Automatic image segmentation is an important enabling technology in most medical imaging applications that involve soft tissue imaging, e.g., neurology, cardiology, and oncology. In particular, the preoperative anatomical representation of the left atrium (LA) is important for ablation guidance, fibrosis quantification, and biophyiscal modeling in artial fibrillation patients [1, 2, 3, 4]. Difficult segmentation problems typically have two aspects. First, image features, such as intensity and texture are noisy and unreliable. Second, anatomical boundaries are ill-defined, often in the presence of low contrast, background clutter, and partial volumes, while irregular shapes with high variability limit the ability to find invariant features. Nonetheless, if one operates in a context with expectations of particular classes of anatomies (e.g., LA), such challenges can be addressed by means of shape prior information to guide and constrain the segmentation process; motivating a Bayesian formulation. In LA segmentation context, shape-driven methods were found to be the most appropriate in addressing inherent challenges ; thin myocardial wall, surrounding anatomical structures with similar image intensities, and topological variants pertaining to pulmonary viens arrangments . In this paper, we propose a Bayesian surface-based segmentation framework that is based on a mixture-based global shape prior along with a feature-based local intensity prior.

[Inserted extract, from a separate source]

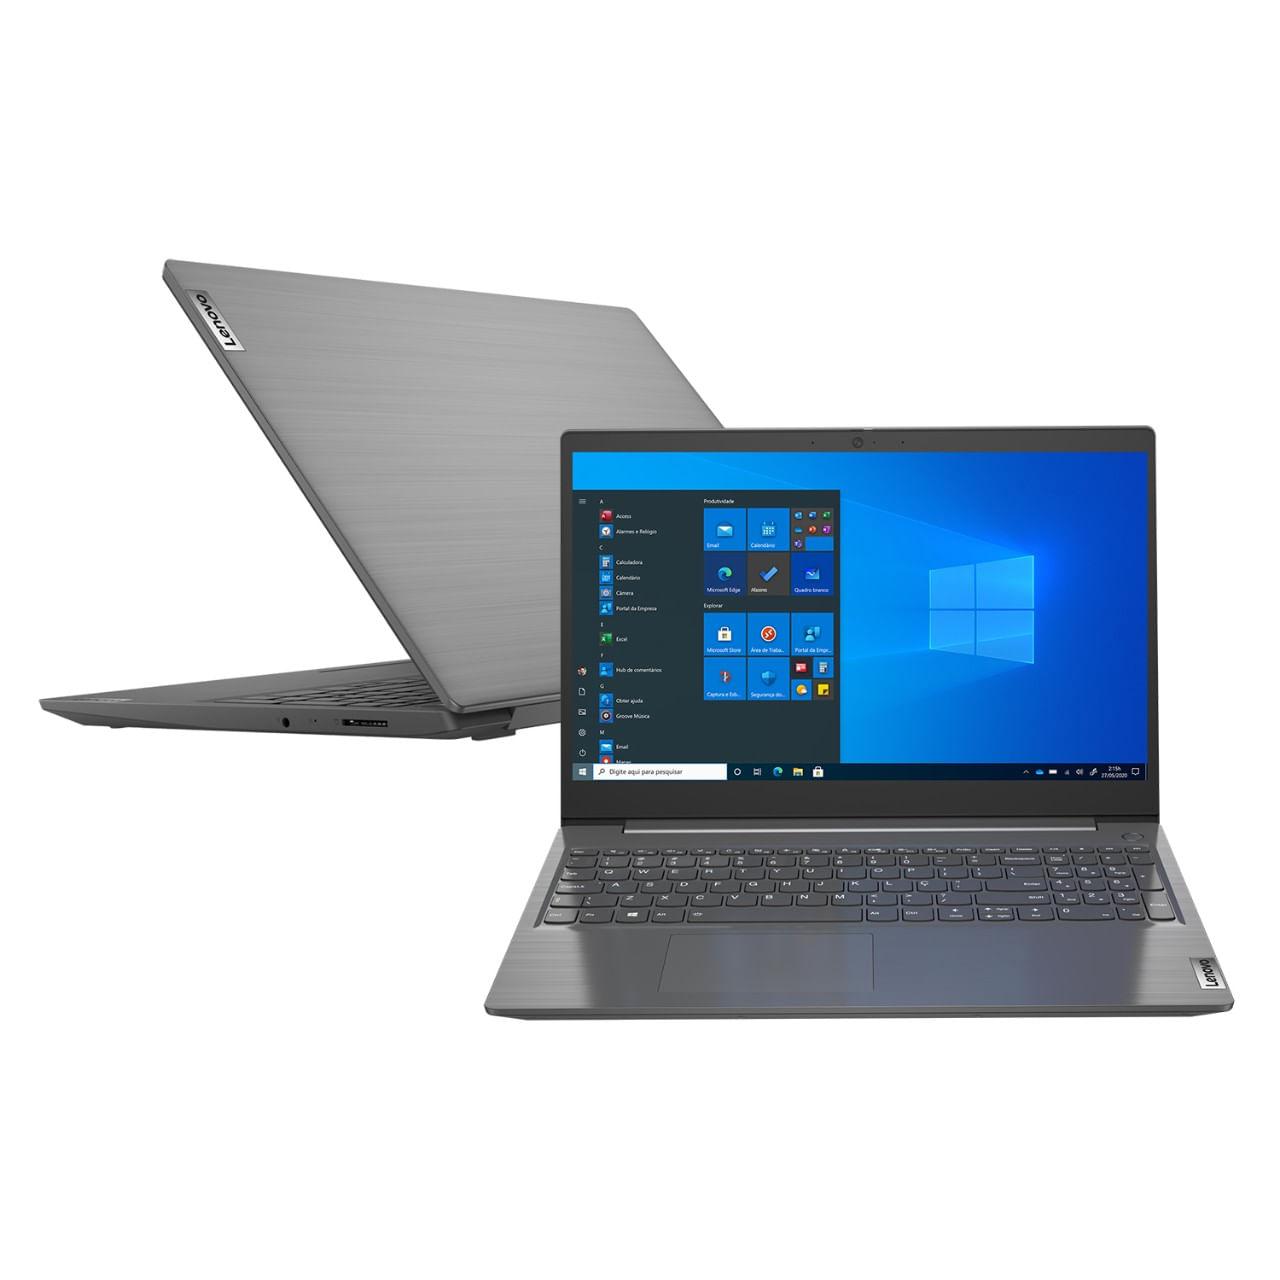 Imagem de Notebook Lenovo V15 I3-10110u 4GB 500GB Windows 10 Pro 15.6
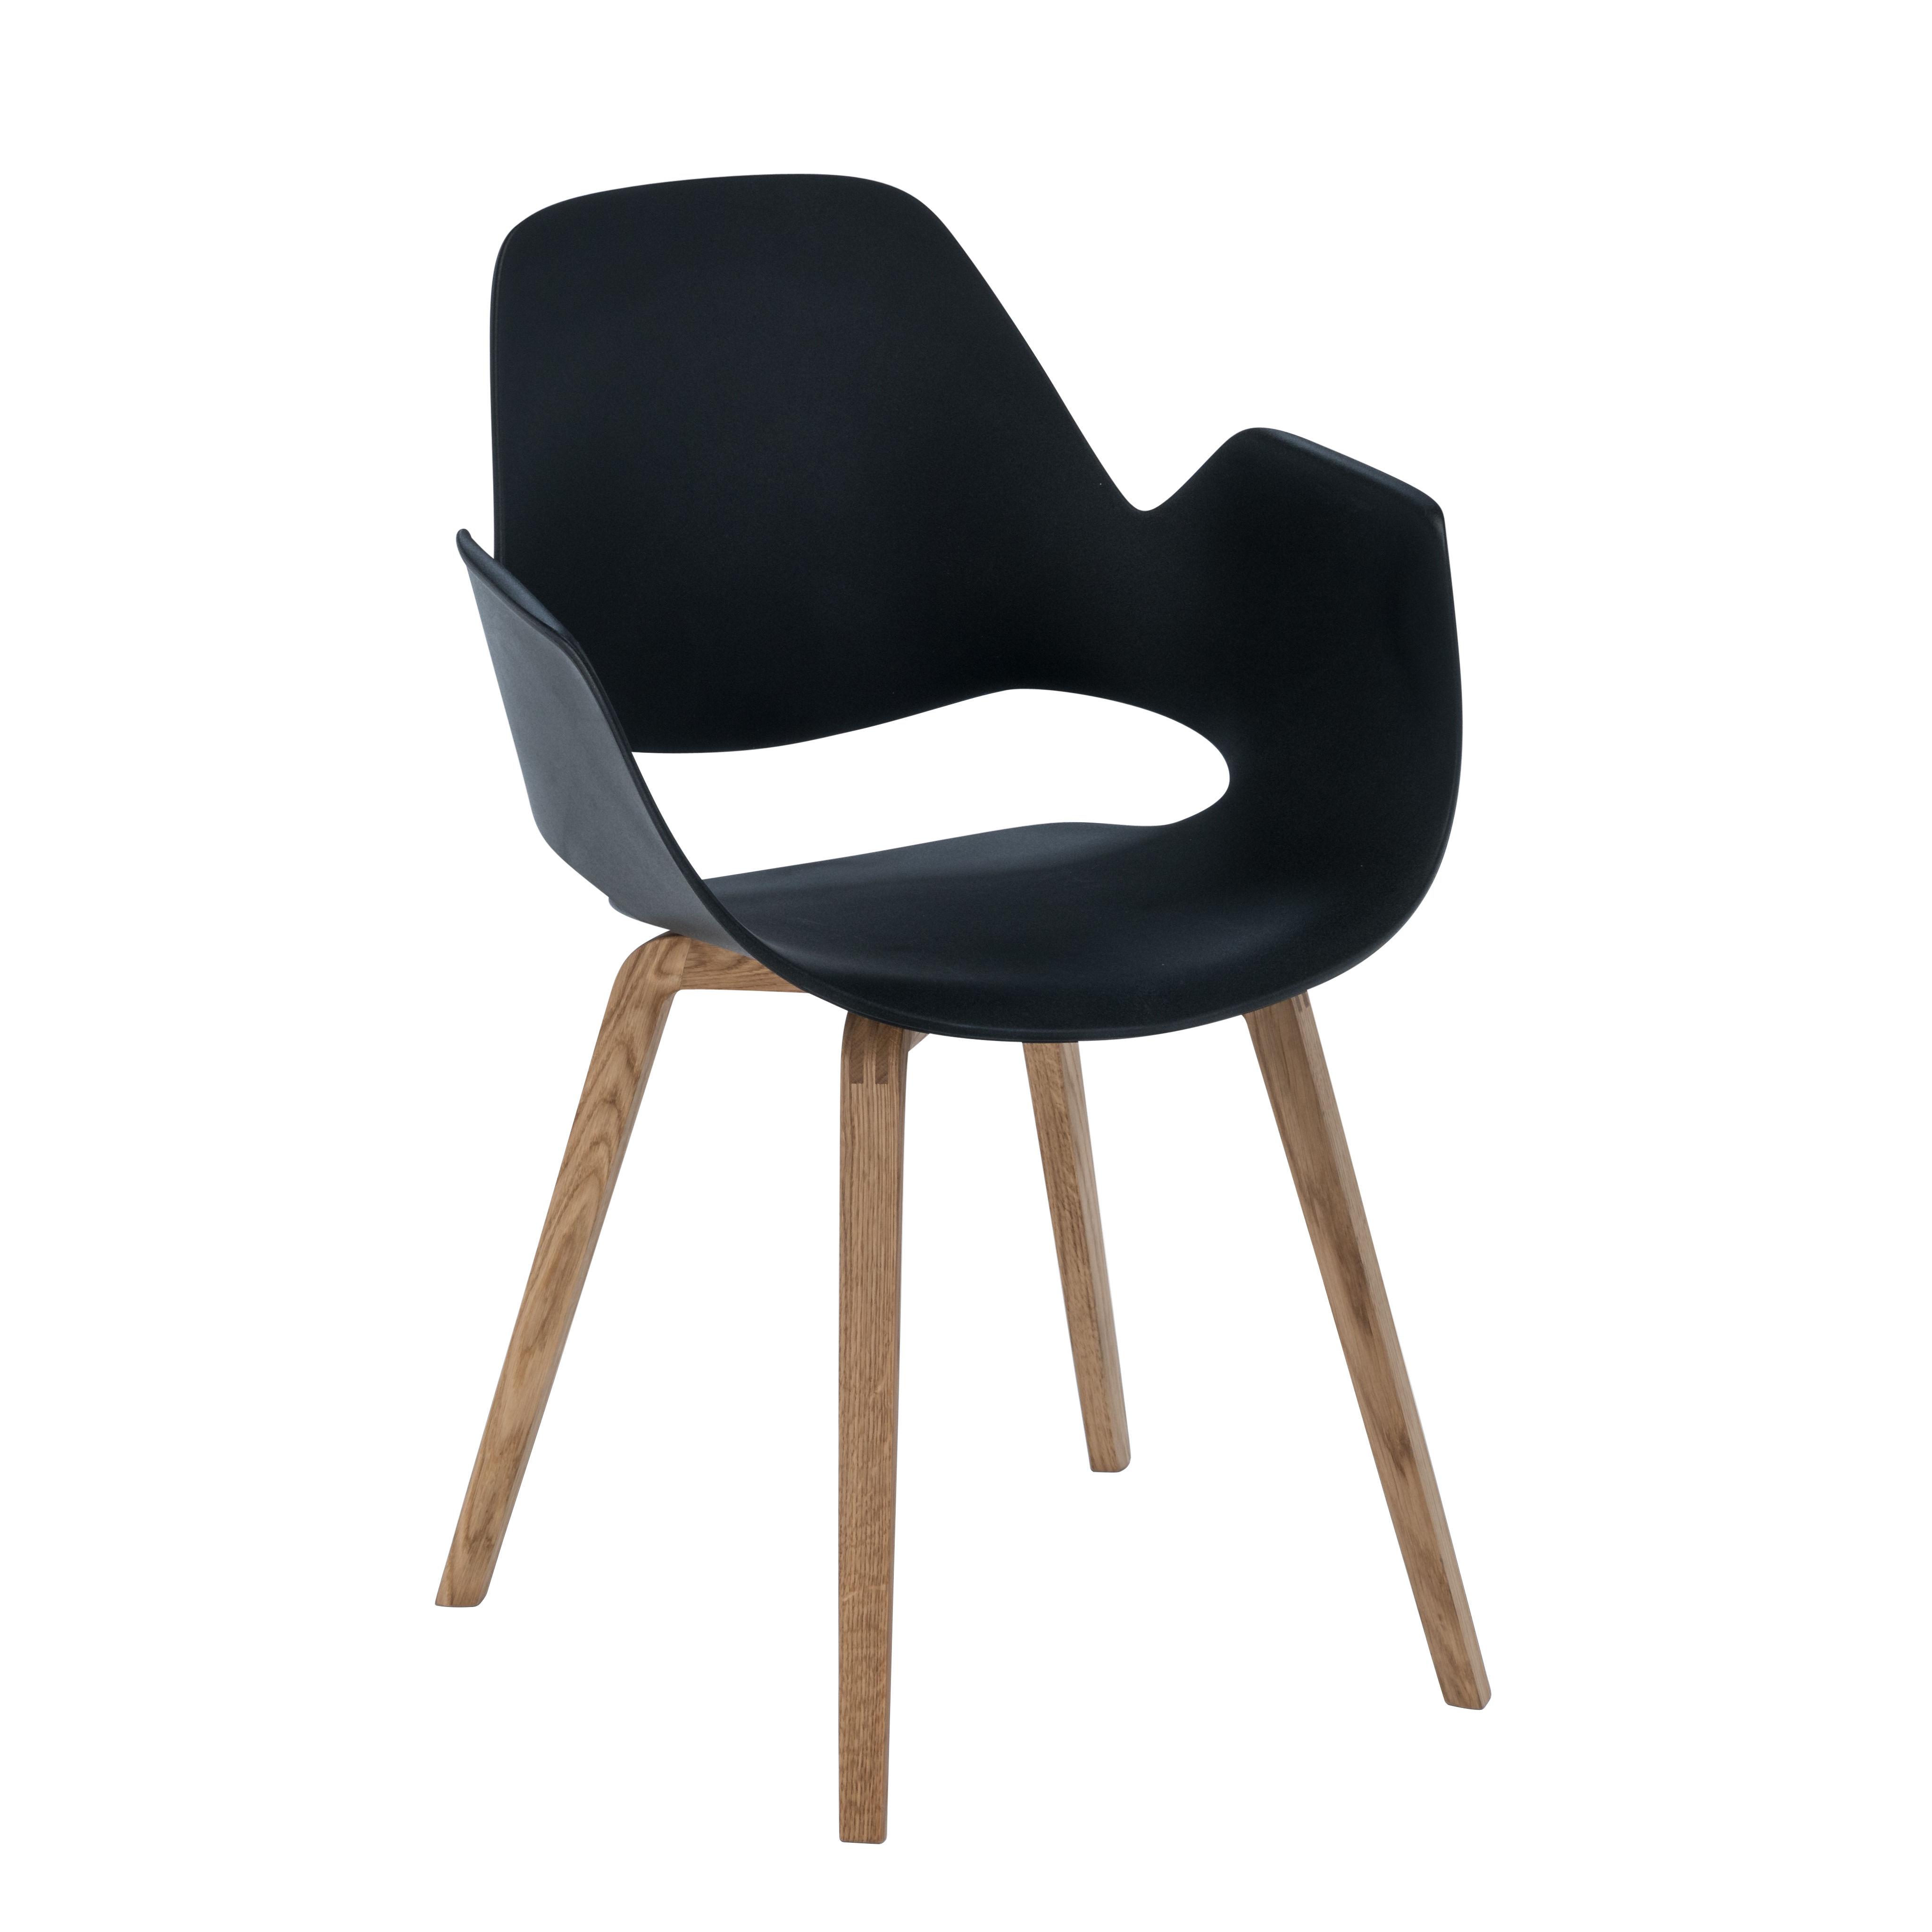 Mobilier - Chaises, fauteuils de salle à manger - Fauteuil Falk / Déchets ménagers recyclés - Pieds chêne - Houe - Noir / Pieds chêne - Chêne massif huilé FSC, Plastique recyclé

Traditionally, when dealing with low-quality image segmentation, statistical shape information has proved to be helpful in delineating correct object boundaries (e.g., [7, 8]). For example, active shape models  and their variants incorporate over-restrictive shape constraints in the form of statistical shape models (SSM) by limiting the solution to some low-dimensional linear subspace defined via training shape exemplars. However, these approaches are limited in their ability to accommodate shapes that are not represented in a low-dimensional description; a typical situation arises in applications with small and large-scale shape variability (e.g., 
). Further, these methods only handle unimodal Gaussian-like shape densities. When it comes to modeling complex shape distributions, a single Gaussian can not adequately model cases of nonlinear shape variation where the probability distribution is multimodal.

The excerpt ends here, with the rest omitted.